Die Wahrheit als Spielball sensationslüsterner Akteure

Ein homosexueller Escortboy in Los Angeles wird von seinen Kunden im Internet bewertet. Aus den „Rezensionen“ entwickelt sich ein monströs pornografisches Verwirrspiel um die Identität des jungen Mannes. Ein schmerzhafter Roman, der den Irrsinn digitaler Kommunikation perfekt parodiert.

Von Bettina Baltschev |
Dennis Cooper und Buchcover "Die Schlampen"
Dennis Cooper gilt als "enfant terrible" der Gay Fiction (Foto: privat, Buchcover: Luftschacht Verlag)
Als das Berliner Popduo Rosenstolz 1997 seinen Song „Die Schlampen sind müde“ veröffentlichte, ließen die Zeilen noch ausreichend Raum für Interpretationen. Da hieß es unter anderem:
„Gestern Nacht war ich noch Sieger / Gestern Nacht war ich noch schön
/ Ich wollt‘ dich und nahm sie alle / Ich wollt‘ nie nach Hause geh'n“.

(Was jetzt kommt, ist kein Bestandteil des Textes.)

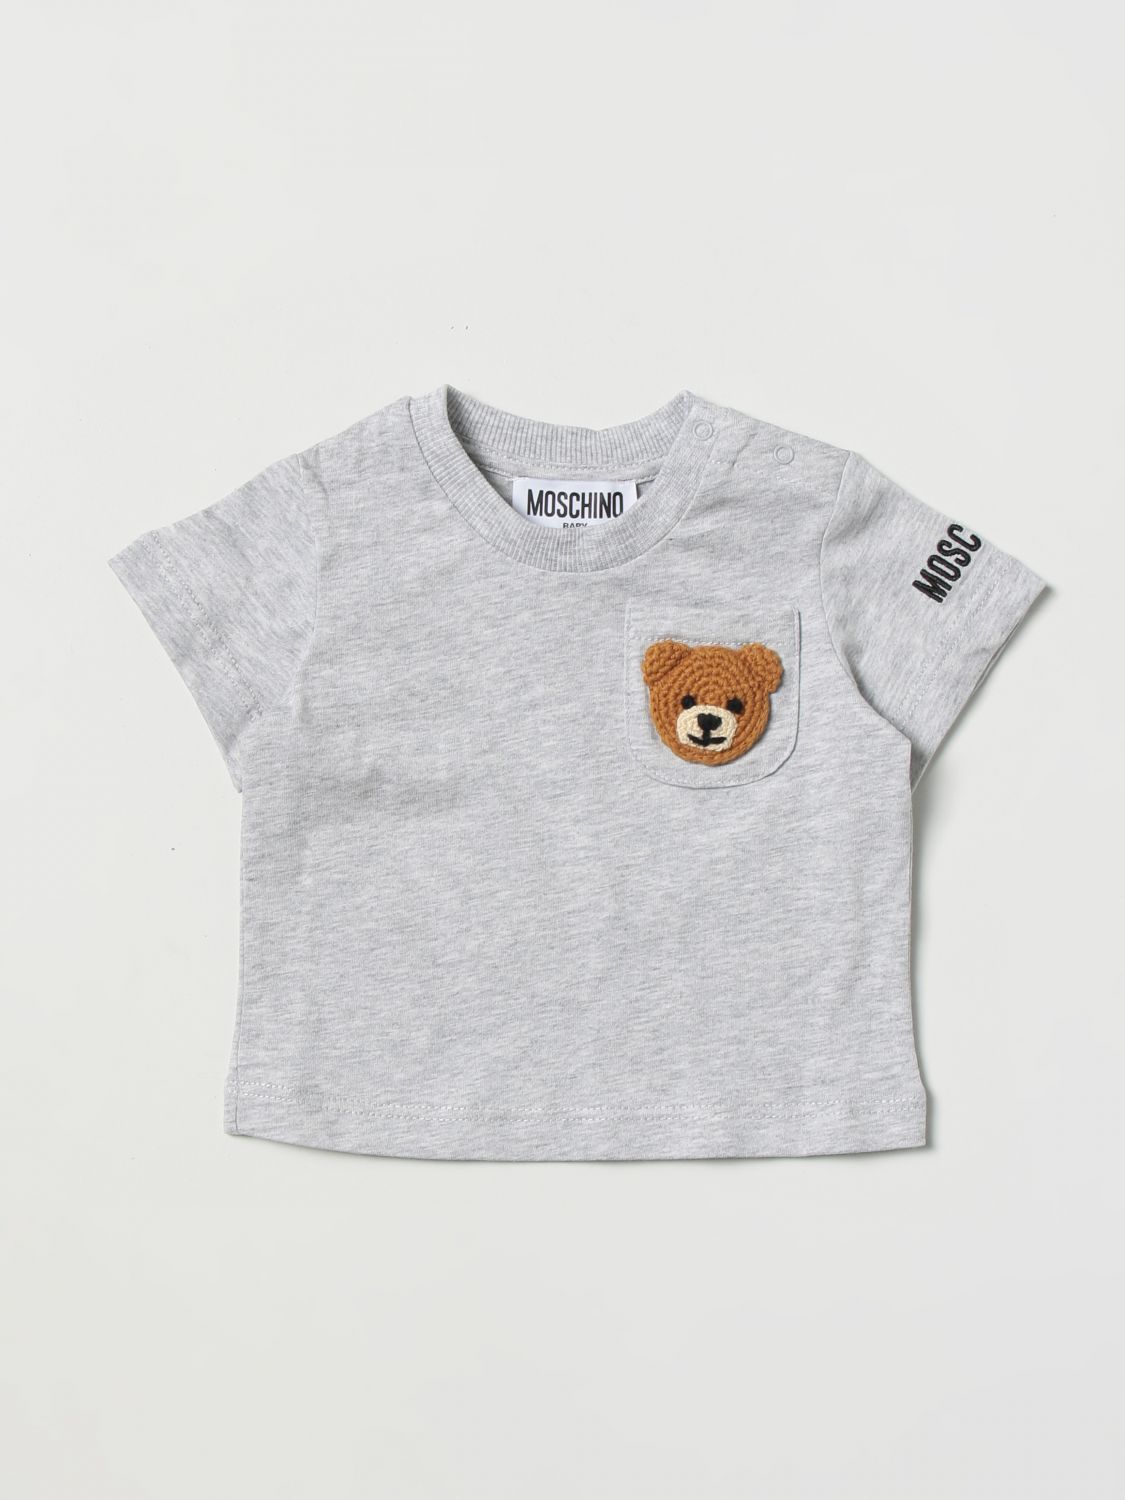 Moschino Baby T-shirt  Kids Color Grey
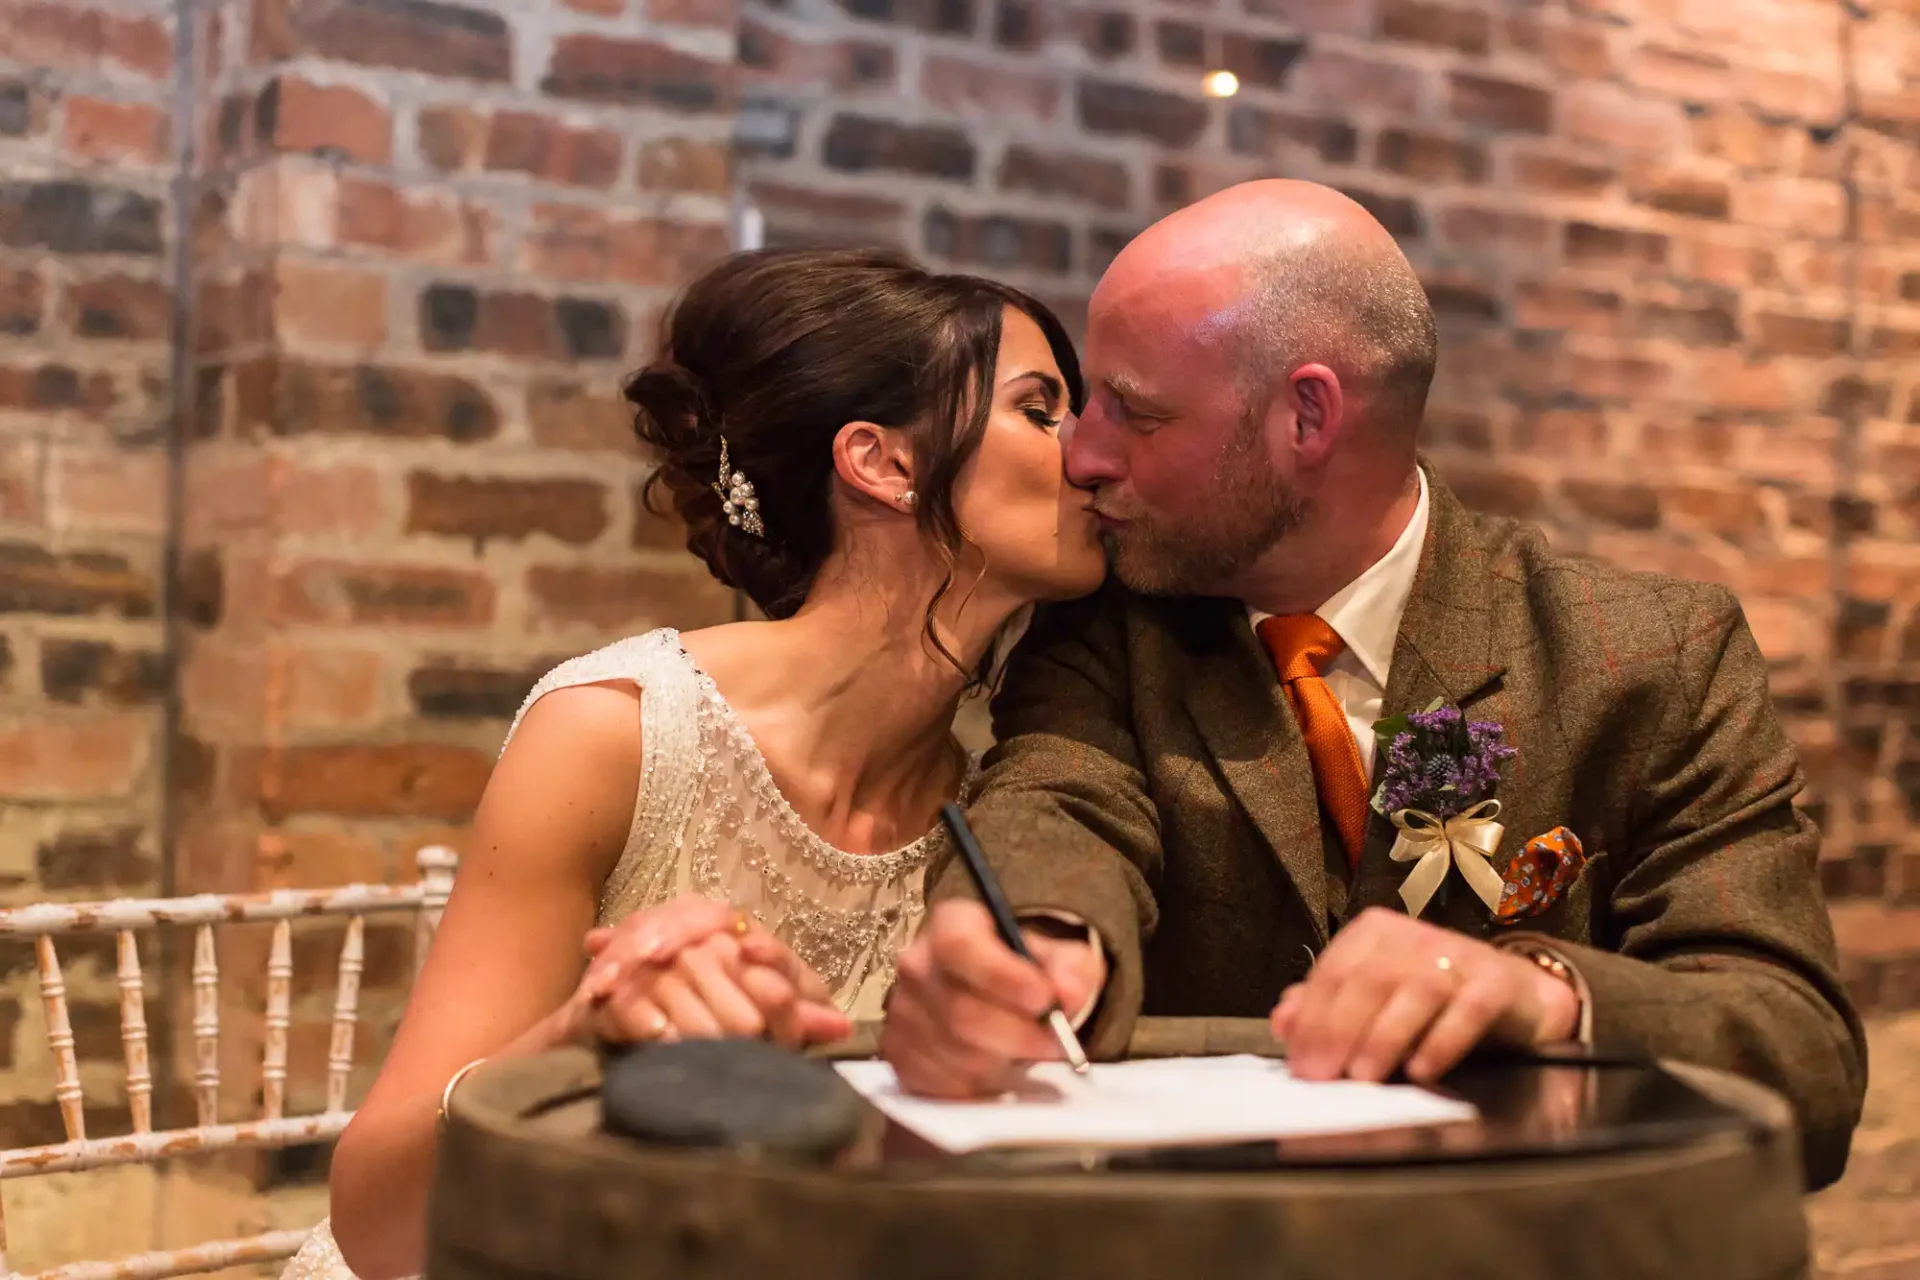 A bride and groom kiss while signing their marriage certificate at a table, in a warmly lit room with brick walls.

Es sind wahrlich harmlose Verse, die sich aus irgendeiner Ecke der Erinnerung melden, während man dabei ist, die Lektüre des Romans „Die Schlampen“ von Dennis Cooper zu verdauen. Denn hier ist ganz und gar nichts harmlos. Brad, ein junger homosexueller Escortboy wird auf einer Website von seinen Kunden bewertet. Unter Pseudonym breiten sie genüsslich alle erdenklichen sexuellen Handlungen aus und sind angetan von Brads Jugend, seinem schmalen Körper und seiner Bereitschaft, sich ihnen ganz und gar zu ergeben. Doch erzählen diese sogenannten Rezensionen vor allem etwas über deren Verfasser, die ihren Trieben und Aggressionen freien Lauf lassen. So schreibt ein gewisser Secretlifer34:
„ Es war ungefähr fünf Uhr morgens und ich war bereit zu gehen. Wenn ich einen Typen benutzt habe, bin ich gelangweilt und voller Verachtung und Brad ging mir wirklich auf die Nerven mit seiner Bettelei, dass ich bleiben und weitermachen oder ihn mit zu mir nehmen sollte. Ich gebe zu, dass ich durchdrehte und ihn ins Gesicht schlug, aber sogar als er auf dem Boden lag, Blut aus seiner Nase lief und seine Lippe aufgerissen war, wollte er noch mehr Misshandlungen. Das war mir in dem Moment zu viel und ich musste dort weg. Am nächsten Tag aber habe ich ihn nicht mehr aus dem Kopf bekommen und ich denke daran, es so einzurichten, dass er heute Nacht zu mir kommt und sich in meinem Playroom hingibt.“

Obszöne Fantasien einer vom Sex besessenen Community

Nachdem sich ein Freier meldet, der die Identität Brads anzweifelt, entspinnt sich zwischen den Rezensenten eine Diskussion darüber, wer den echten Brad getroffen habe. Ob er überhaupt schon volljährig sei, ob er in einem Obdachlosenheim lebe oder doch in einem teuren Apartment. Ein gewisser Brian behauptet, er habe Brad bei sich aufgenommen, weil der an einem Hirntumor leide und nicht mehr lange leben würde. Das allerdings käme ihm entgegen, da er das Verlangen habe, einen Jungen während des Geschlechtsaktes zu töten und sich dabei zu filmen.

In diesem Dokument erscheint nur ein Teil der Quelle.